Hurting, they say is a confirmation of love. I was truly hurt. Simply then, because I truly loved… and this is what I should be proud of. I have nothing to regret about. I have no if’s and but’s now. I know I did everything, even the impossible. I created reality out of fantasies. I moved mountains and crossed deepest seas, just to prove not to anyone but to myself, that I know what and how love is. It has been a tough take, it wounded me… it shattered… it was so hard. Yet, I know it all didn’t go to nothing. I have learned a lot. I am stronger. I am better.
Really, when you love, you are all willing to do all that you can… even the things unworkable become possible. That’s the power of love. We never can explicate how far it can make someone go. It is just so sad, that there are people who really don’t know how to value the love being shared. There are some that can just dump it all out, regardless of the pain they may cause others. Those people are who we call immature. Inconsiderate. They may have reasons why they do such things but then again, how they do things is never the way it should be.
I actually don’t want to talk anymore about love and life. My life became so wide-open book to all. And sometimes, it just comes to me that maybe it is better if I keep it myself and stop. However, I know, that through this effort, I can bestow learning. Moreover, I can also say things I was not given a chance to say. And so now I speak…
You know I never will regret that we met. I still keep my words I said before, that you are a gift sent to me from above. You made me learn several things. You made me happy. You became my companion. You were a friend. And all of the good memories we had is what I keep in my heart. I still am thankful that despite what we’ve been through we are still good. And now, better individuals. This is what I appreciate in all of this. It all ended not leaving us empty, but full of new learnings we know we can bring in the next chapters we are to enter. You still are a friend to me. And I hope I am to you, too.
I’ve been so vocal about how I was so pissed by what you did. And now I still would want to be vocal… that I am over it. Anger doesn’t helped me in anyway. I have all my means to be in revenge and cause hurting in ways I know how. But then again, at the end of it, who's going to be happy? No one. World overflows with hatred already, I would not want to be an addition. I was hurt. And another hurting would never give me cure.

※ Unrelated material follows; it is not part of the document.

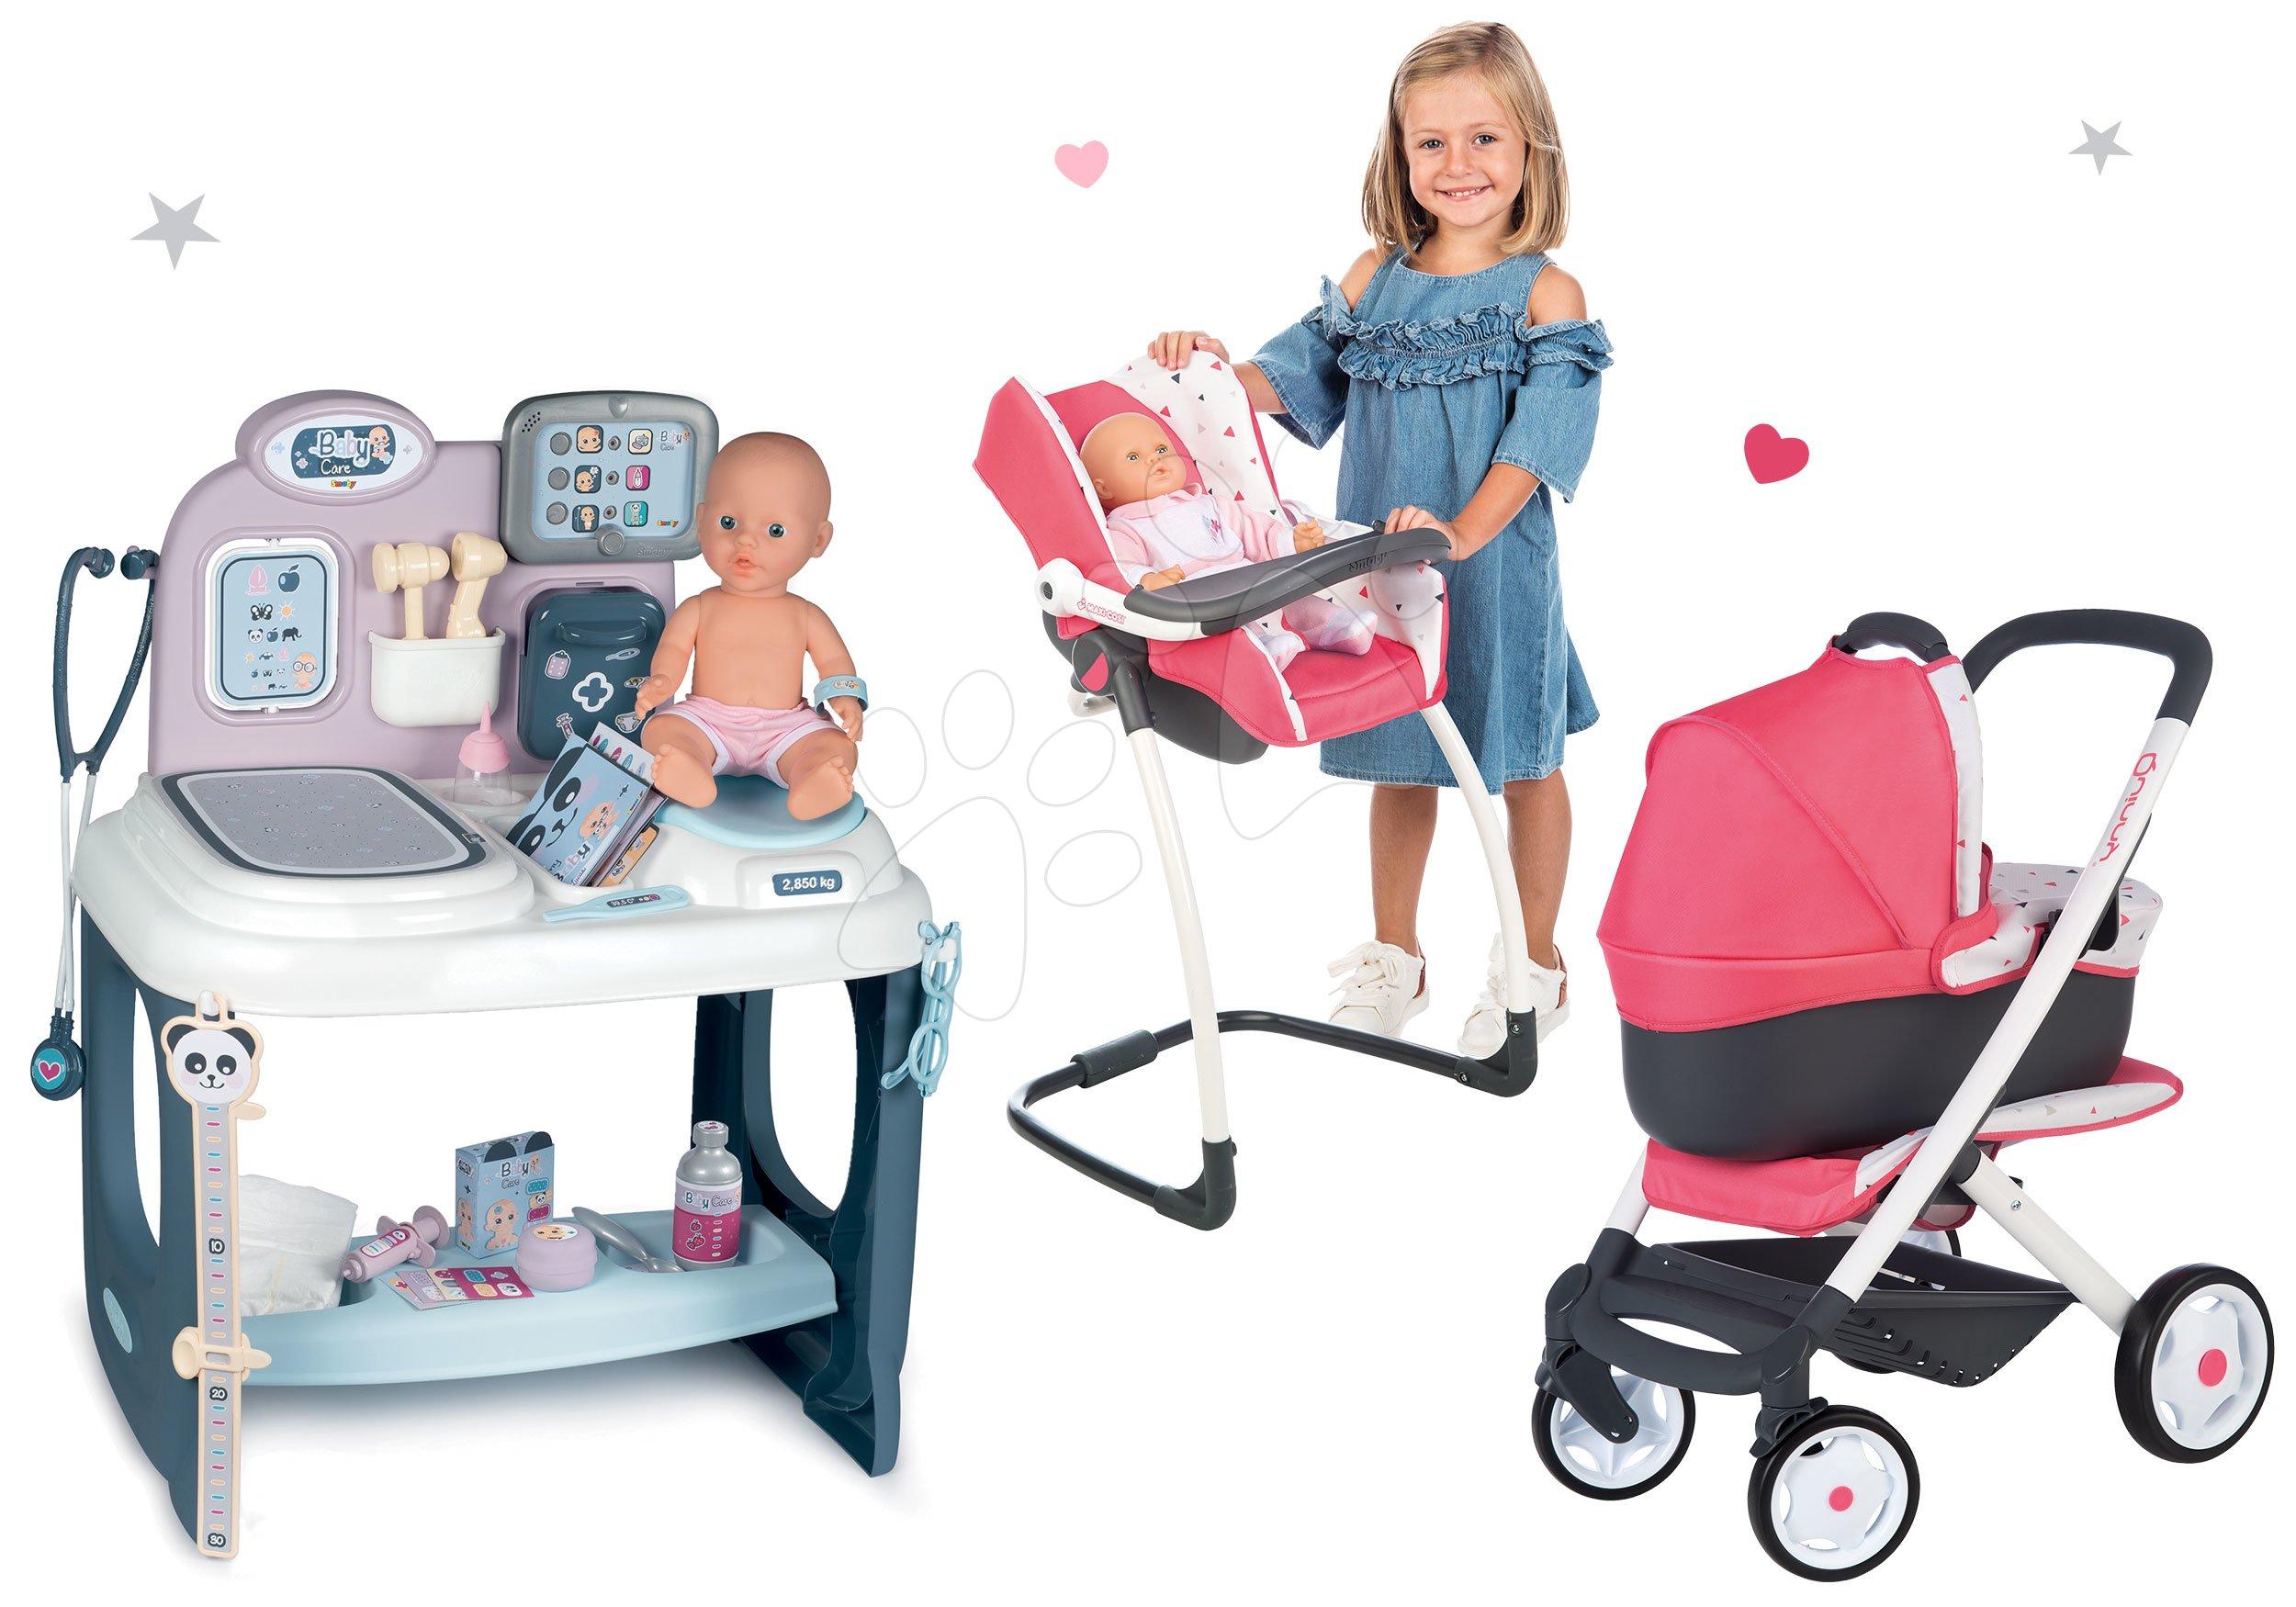 Set zdravotnícky pult pre lekára Baby Care Center Smoby s kočíkom trojkombináciou a jedálenská stolička s hojdačkou a nosítkom Maxi Cosi

I forgave. And though now, I should be honest that it is still fresh in my memories. But soon, I wish, I’ll learn to forget it, too… and just keep in me the lesson it left. I am no longer mad. I have nothing to be bitter about. I benefited a lot from this experience, and that alone is another wonderful gift I can equip myself for my next adventures waiting.
Now, we both may be bound to our separate own paths. We may bump into each other along the way. We may not. We may take lives without each other as part of it any longer. But what’s important is, we know we are okay. We know we still are friends. Let’s try to forget about the bad times… it helped us become stronger though. Let’s keep in us the good times. And so everytime we remember, we remember love and not hatred. It may take time for us to accept the whole thing. It will be a long tough process. But soon we’ll see that we fully moved on. And that’s what I pray for now.
I was mad. And again, I tell you its done. That feeling is now gone. I don’t want us to leave with hurt. I want us end good, as what I always asked from you. I wish this time you take this simple request, it’s for the good of both of us. You’ll see in time why.
Just a piece of advice… you never can put into your hand all the people you meet. May it be acquaintances, friends, or even partners. Like you needing to be understood, they too need to be understood. And as how you want to know every bit of them, they too need to know you. We cannot keep ourselves in secret all the time. We may have personal reasons why we do such things. But tying it all together, it is still easy to breathe deep if nothing’s keeping you out.
Learn to trust. And so you can be trusted, too. I do not want to sound like as if you are the only one who did wrong. I myself had shortcomings, too. But proudly I can say, and I know you know it, that I have done all that I can. Maybe, you’re just not ready for this yet. And for the last time, I understand. Hope you be happy… that’s what I always call upon. And you can sure be, if you’ll learn to be true even just to yourself first. I wish you good.
We’ll still see each other in place and time we don’t know. And when that time came, I wish we can face each other strong enough, mature enough, learned enough. And from there, may we be able to build better friendship.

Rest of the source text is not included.